SSL handshake Error

harshshah8996 · January 12, 2022, 9:38am

Hello team,

We use nignx as a webserver and certbot to generate SSL for domains.
When we check error log of Nginx, we found the following logs

[crit] 100477#100477: *119928 SSL_do_handshake() failed (SSL: error:14201044:SSL routines:tls_choose_sigalg:internal error) while SSL handshaking, client: 172.104.14.17, server: 0.0.0.0:443

[crit] 100477#100477: *121869 SSL_do_handshake() failed (SSL: error:141CF06C:SSL routines:tls_parse_ctos_key_share:bad key share) while SSL handshaking, client: 64.62.197.92, server: 0.0.0.0:443

How to fix this error?

My domain is: app.linkjoy.io
Webserver - Nginx
OS - ubuntu
Certbot version - 0.40.0

Osiris · January 12, 2022, 11:06am

Could you please elaborate more about the context of these errors?

Why do you want these errors fixed in the first place?

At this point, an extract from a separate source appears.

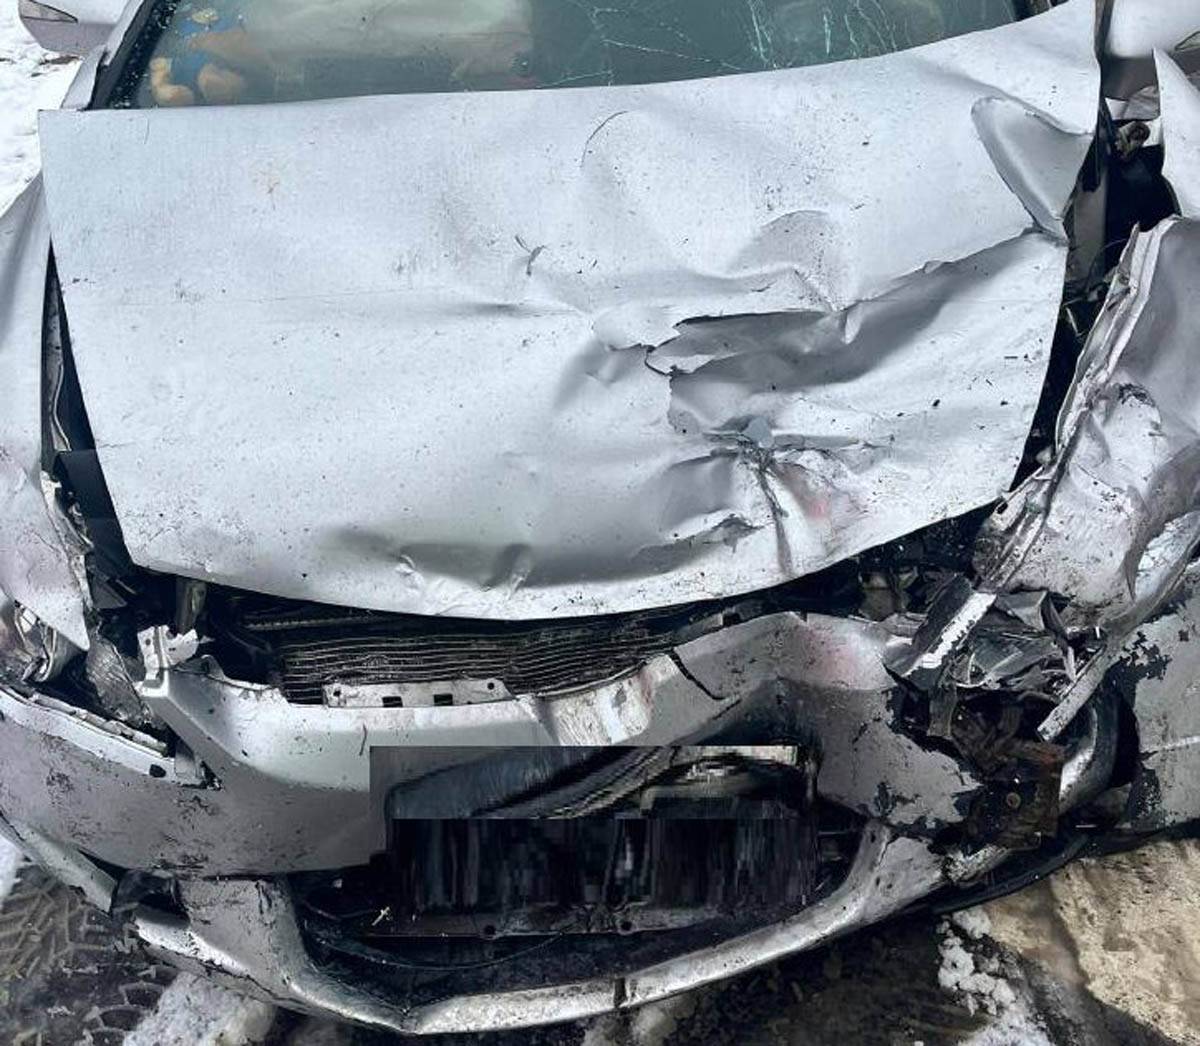 63-летний пассажир автомобиля с закрытой черепно-мозговой травмой доставлен в Боровичскую ЦРБ.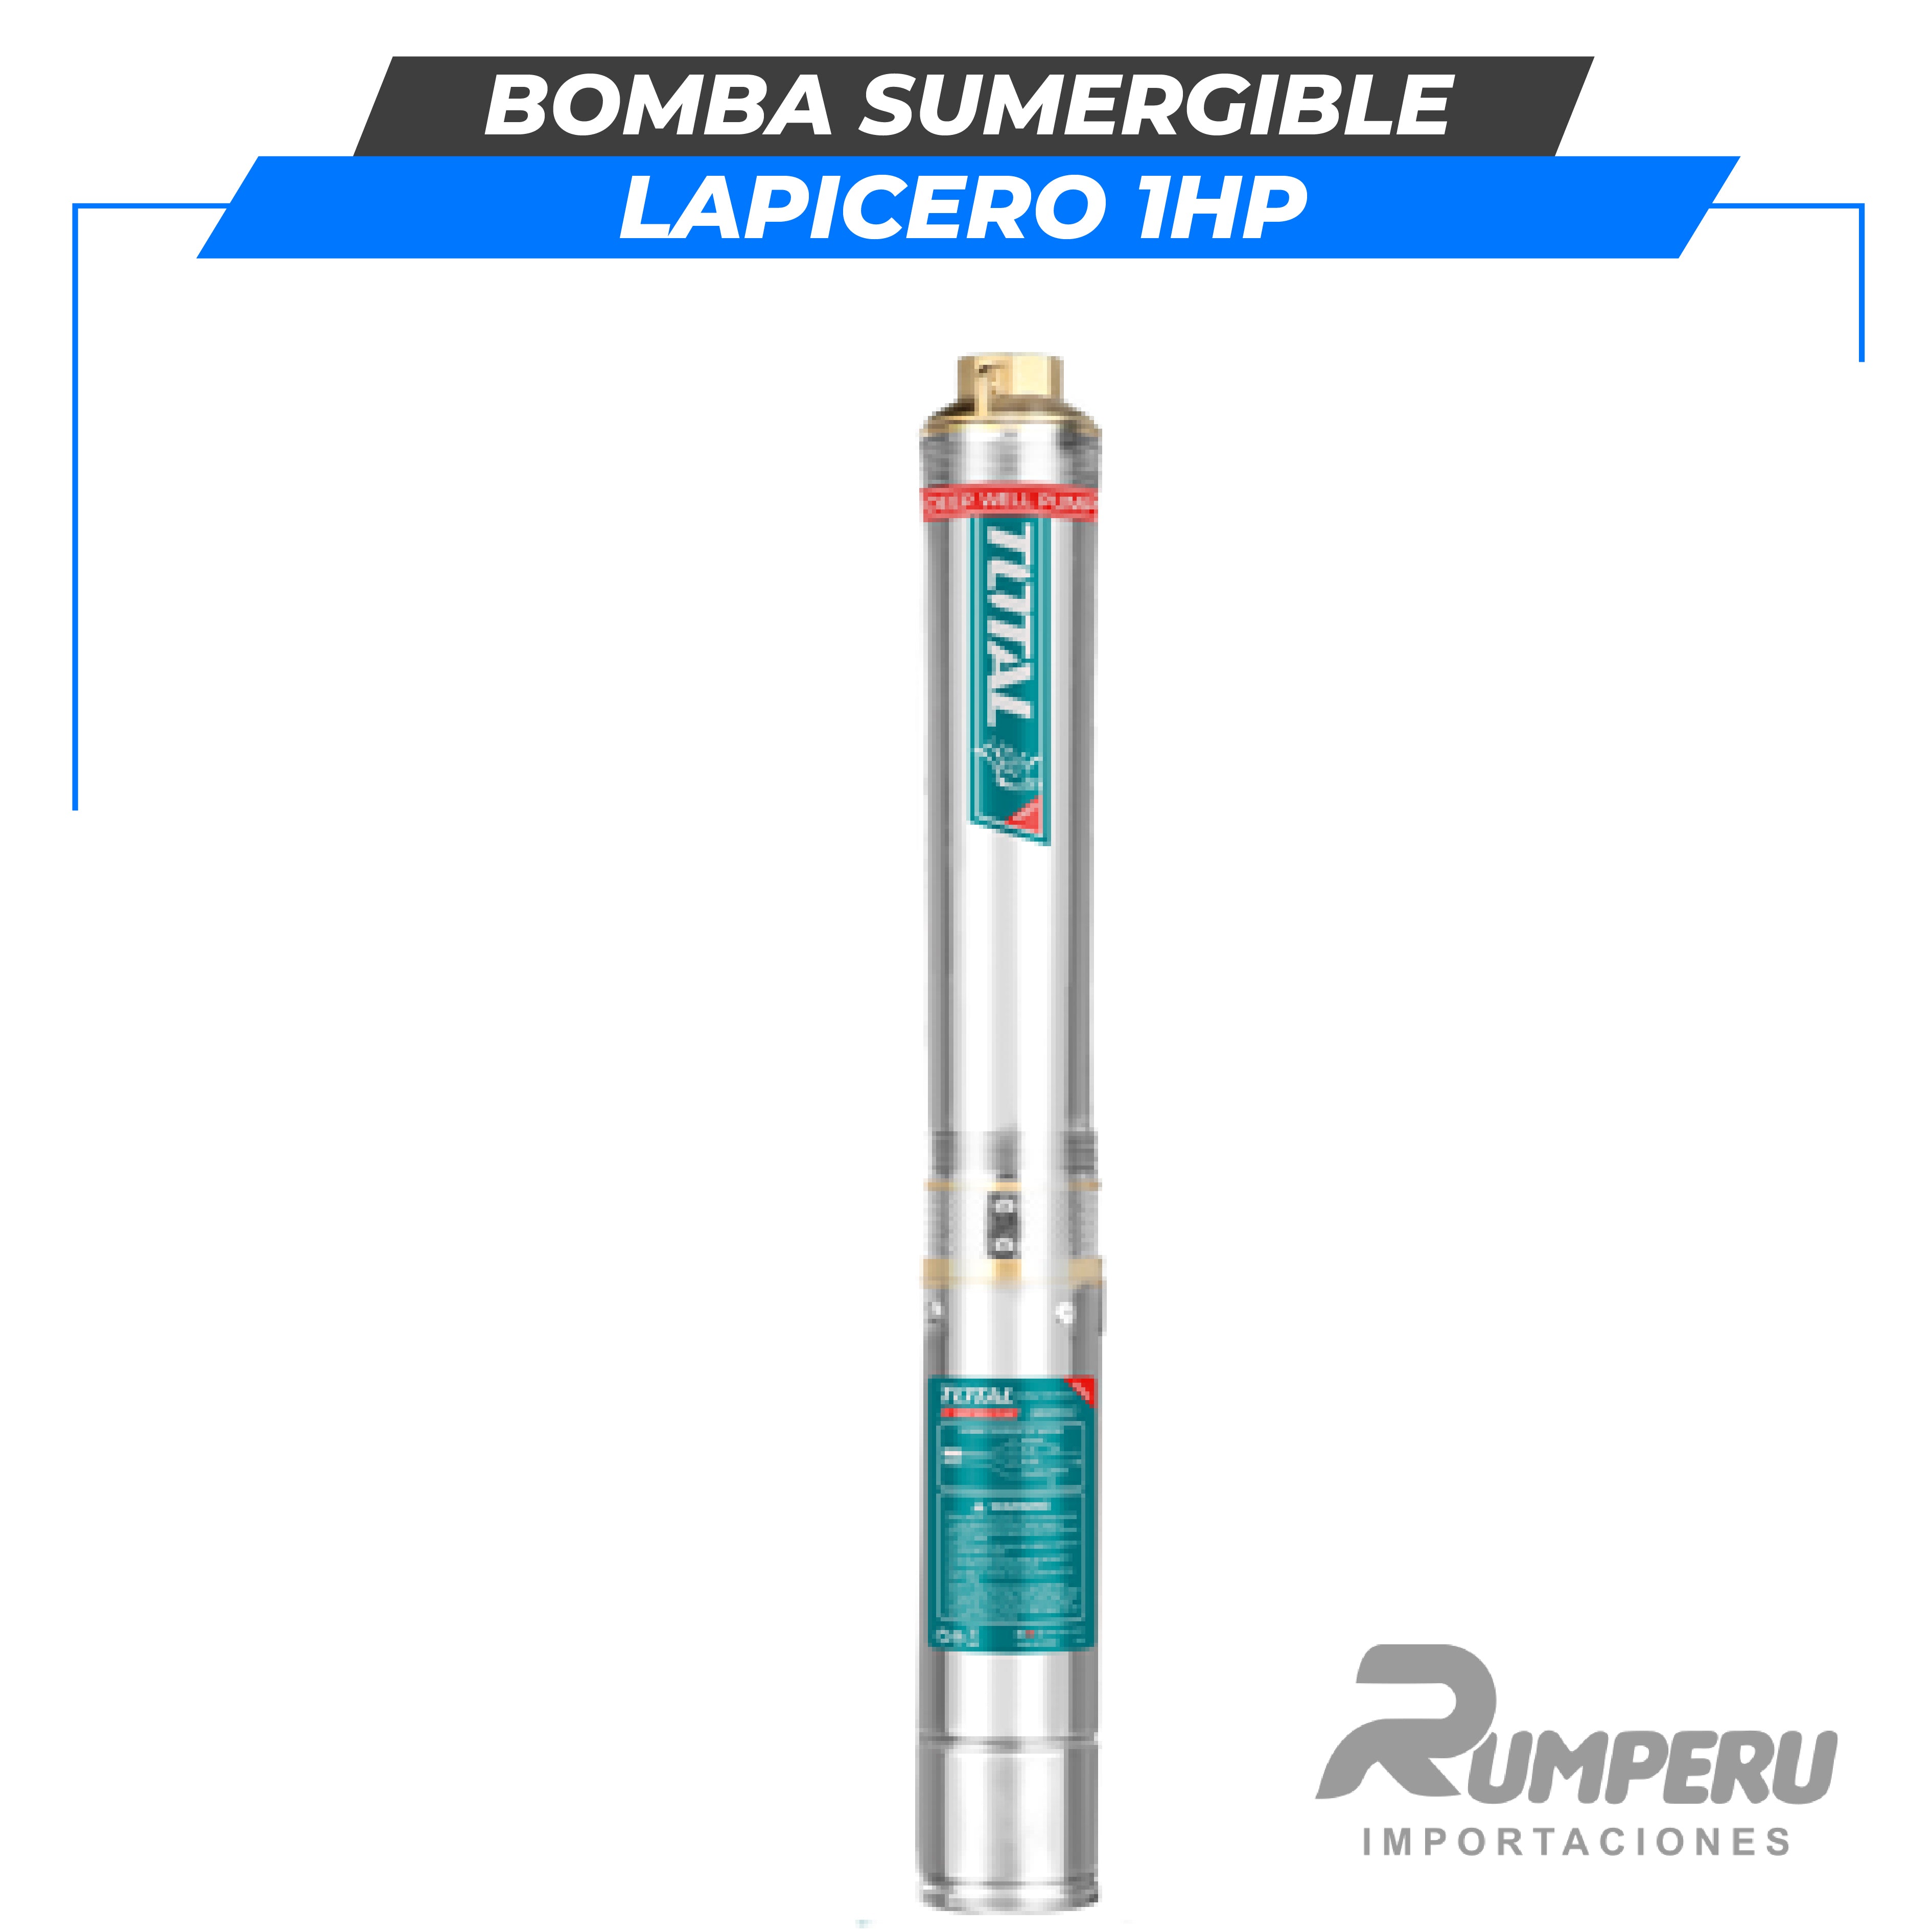 Bomba sumergible lapicero 1HP

A webservers log is usually filled with a lot of useless requests. Bots, search engines, et cetera. Personally I wouldn't care if those errors are from $random requests.

rg305 · January 12, 2022, 8:17pm

Name:    cloud-scanner-0dde76e1.internet-research-project.net
Address: 172.104.14.17

How to fix this error?
There is no "fixing" such a scan.
You're best bet is to block them altogether.

rg305 · January 12, 2022, 8:21pm

For the other IP:

It's also scanning random IPs and ports (and should also be dropped):

rg305 · January 12, 2022, 11:19pm

Funny!
They seem to have quickly moved to another IP:

Name:    172-104-14-17.ip.linodeusercontent.com
Address: 172.104.14.17

cloud-scanner-0dde76e1.internet-research-project.net
Non-existent domain

system · February 11, 2022, 11:19pm

This topic was automatically closed 30 days after the last reply. New replies are no longer allowed.